Rafael

Personal information
- Full name: Rafael da Silva Santos
- Date of birth: 22 March 1979 (age 47)
- Place of birth: Rio de Janeiro, Brazil
- Height: 1.90 m (6 ft 3 in)
- Position: Defender

Youth career
- Campo Grande
- America-RJ

Senior career*
- Years: Team / Apps / (Gls)
- 0000–1999: Botafogo
- 1999–2000: America-RJ
- 0000–2002: Ypiranga
- 2002–2003: 1860 Munich / 5 / (0)
- 2003–2004: 1. FC Nürnberg / 2 / (0)
- 2004–?: Paulista
- 2007: Pahang FA

International career
- Brazil U20

= Rafael (footballer, born 1979) =

Brazilian footballer

Rafael da Silva Santos (born 22 March 1979), known as Rafael, is a Brazilian former professional footballer who played as a defender. He spent one season in the Bundesliga with 1860 Munich.

==Career==
Rafael was a member of the Brazil under-20 national team.
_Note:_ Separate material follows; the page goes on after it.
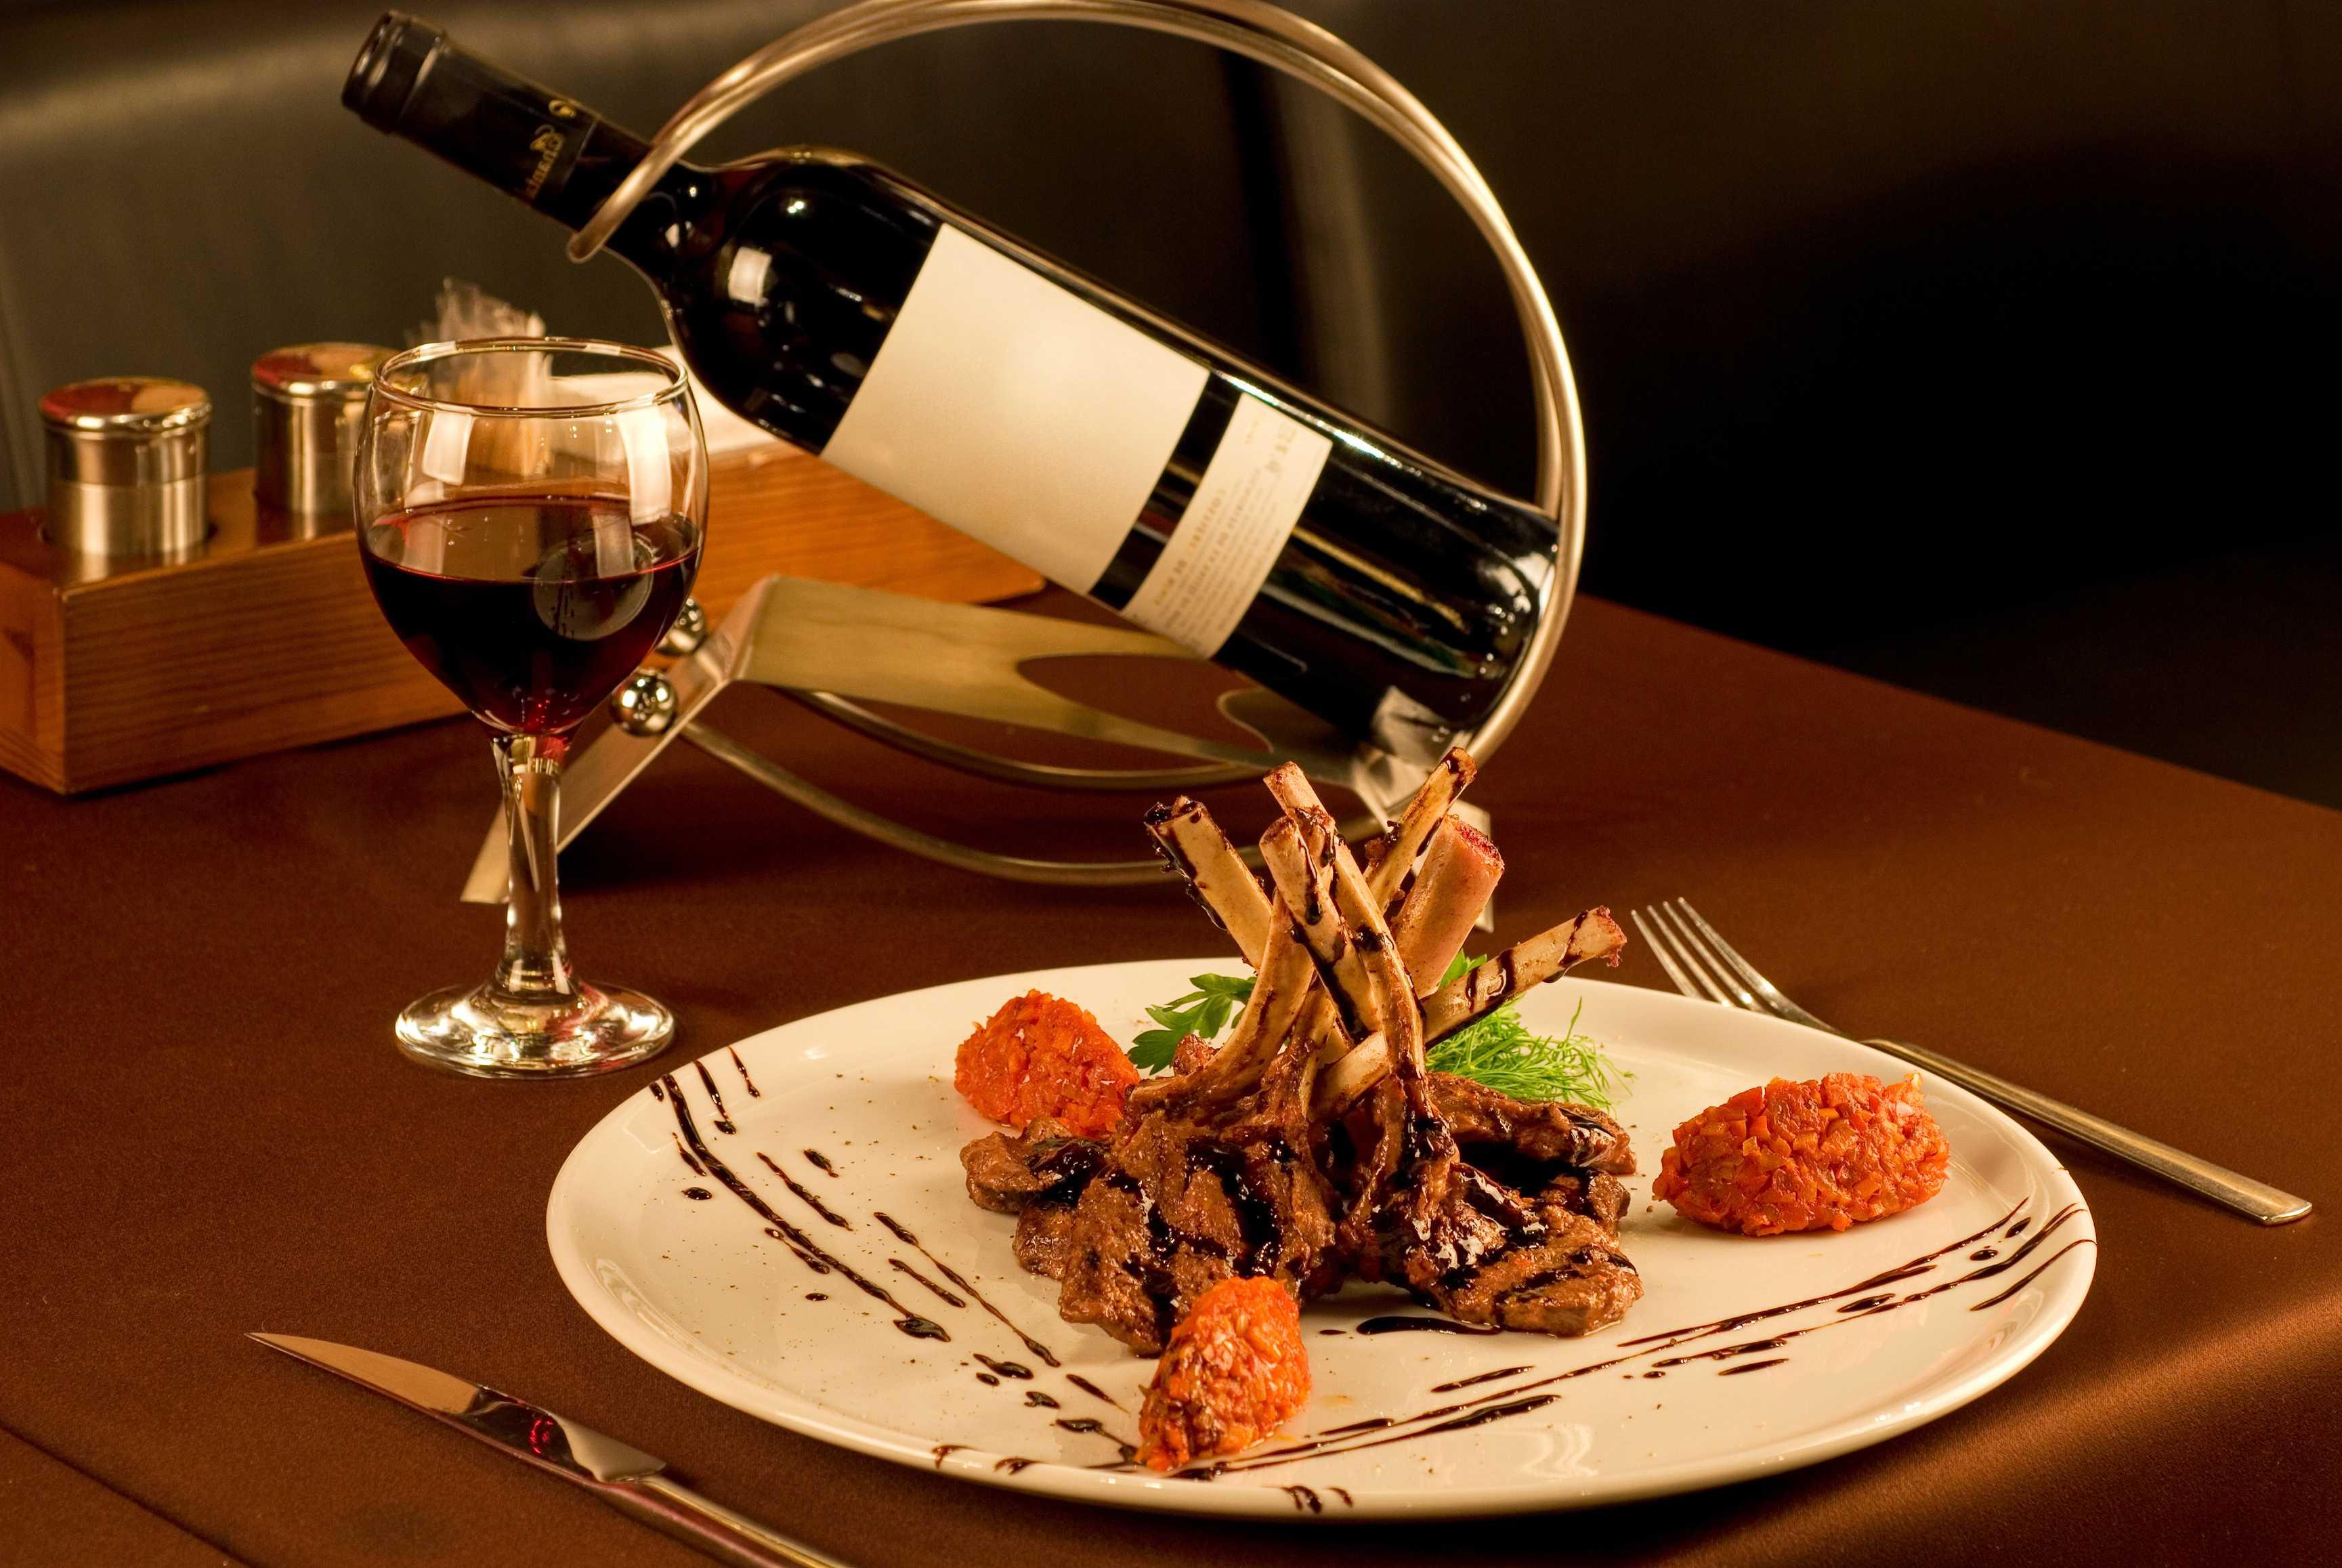 Bucatarie frantuzeasca, cunoscut pentru vinuri finute si mancaruri de exceptie

He joined 1860 Munich from Ypiranga ahead of the 2002–03 season, having previously played for Brazilian lower-league clubs. He made five appearances in the Bundesliga. 1860 Munich did not take up the option to extend his contract.

After a year at 1. FC Nürnberg, where he made two 2. Bundesliga appearances, he returned to Brazil with Paulista.